RepVGG: Making VGG-style ConvNets Great Again
Xiaohan Ding, Xiangyu Zhang, Ningning Ma, Jungong Han, Guiguang Ding, Jian Sun
TL;DR
RepVGG tackles the speed-accuracy dilemma by decoupling training-time optimization from inference-time structure using structural re-parameterization. A training-time multi-branch block (including identity and 1×1 branches) becomes a single 3×3 conv stack for deployment, yielding a simple, fast, and memory-efficient plain architecture. On ImageNet, RepVGG surpasses ResNets and competes with state-of-the-art models, while also improving Cityscapes semantic segmentation backbones; ablations validate the necessity of the re-parameterization and BN placement.
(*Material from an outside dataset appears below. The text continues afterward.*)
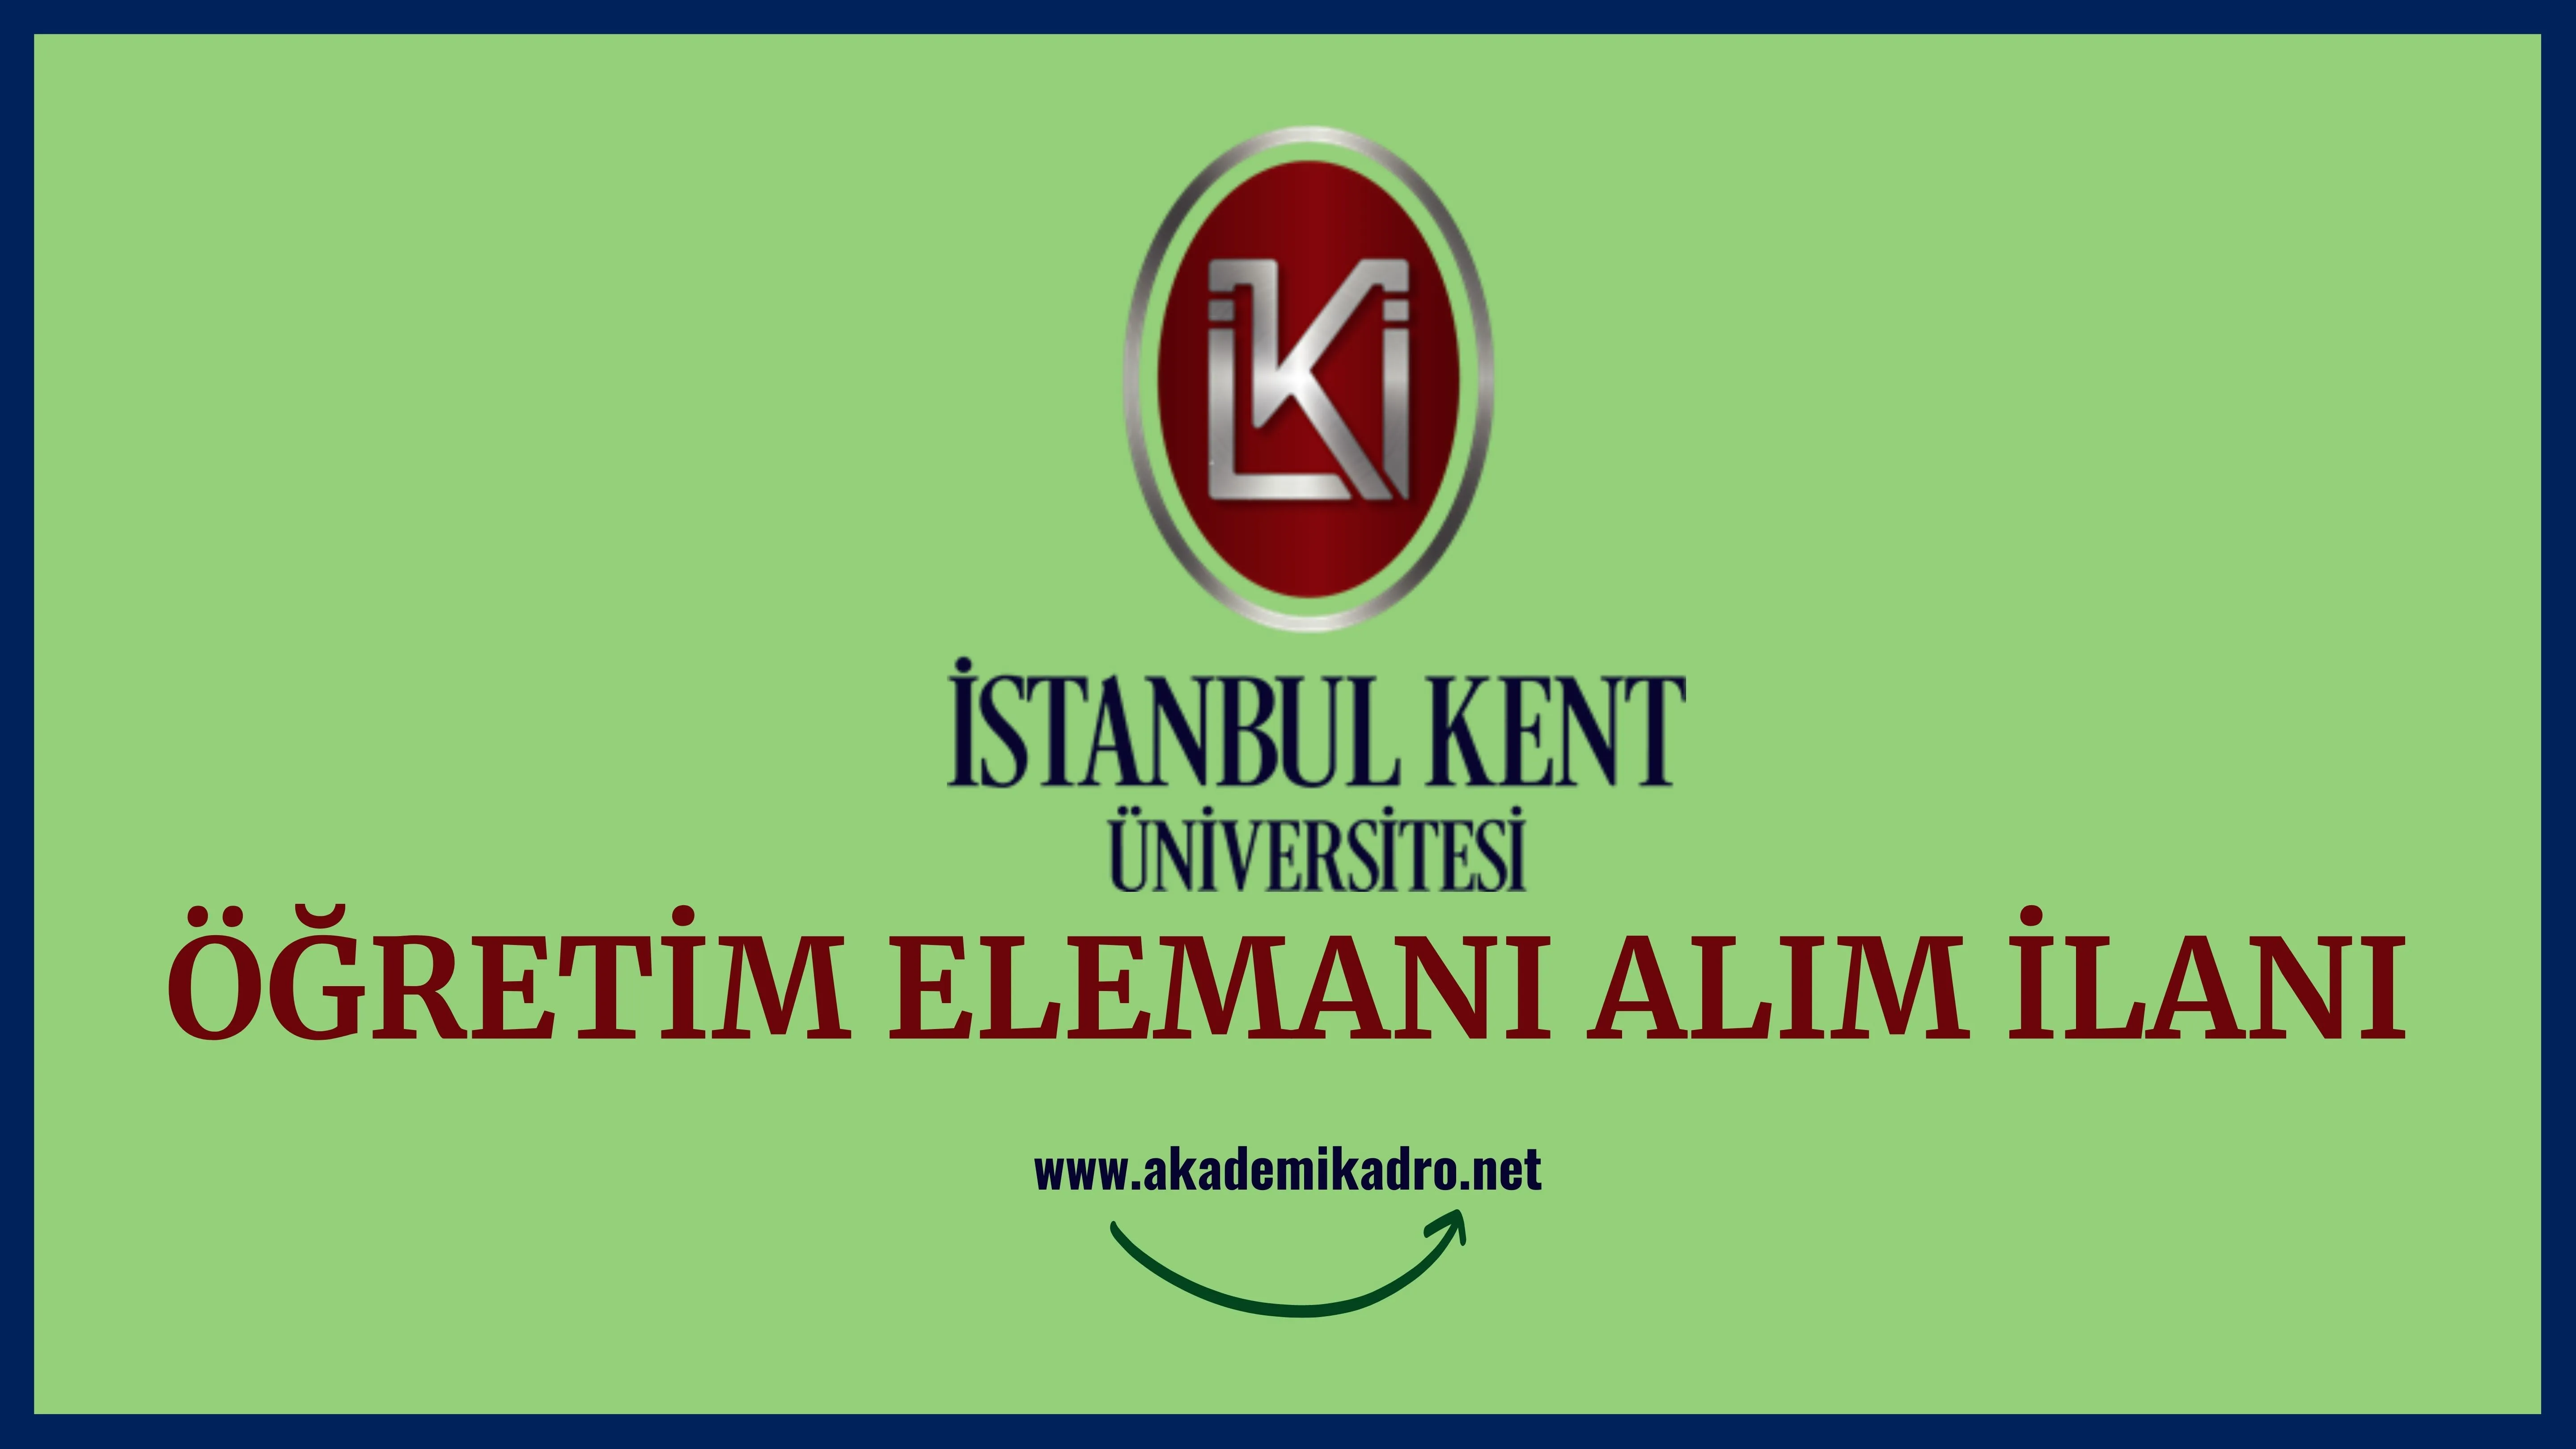 İstanbul Kent Üniversitesi Araştırma görevlisi, Öğretim görevlisi ve Öğretim üyesi olmak üzere 39 Öğretim elemanı alacak.

The work emphasizes hardware-friendly design and offers a practical path to high-performance plain ConvNets without heavy architecture search.
Abstract
We present a simple but powerful architecture of convolutional neural network, which has a VGG-like inference-time body composed of nothing but a stack of 3x3 convolution and ReLU, while the training-time model has a multi-branch topology. Such decoupling of the training-time and inference-time architecture is realized by a structural re-parameterization technique so that the model is named RepVGG. On ImageNet, RepVGG reaches over 80% top-1 accuracy, which is the first time for a plain model, to the best of our knowledge. On NVIDIA 1080Ti GPU, RepVGG models run 83% faster than ResNet-50 or 101% faster than ResNet-101 with higher accuracy and show favorable accuracy-speed trade-off compared to the state-of-the-art models like EfficientNet and RegNet. The code and trained models are available at https://github.com/megvii-model/RepVGG.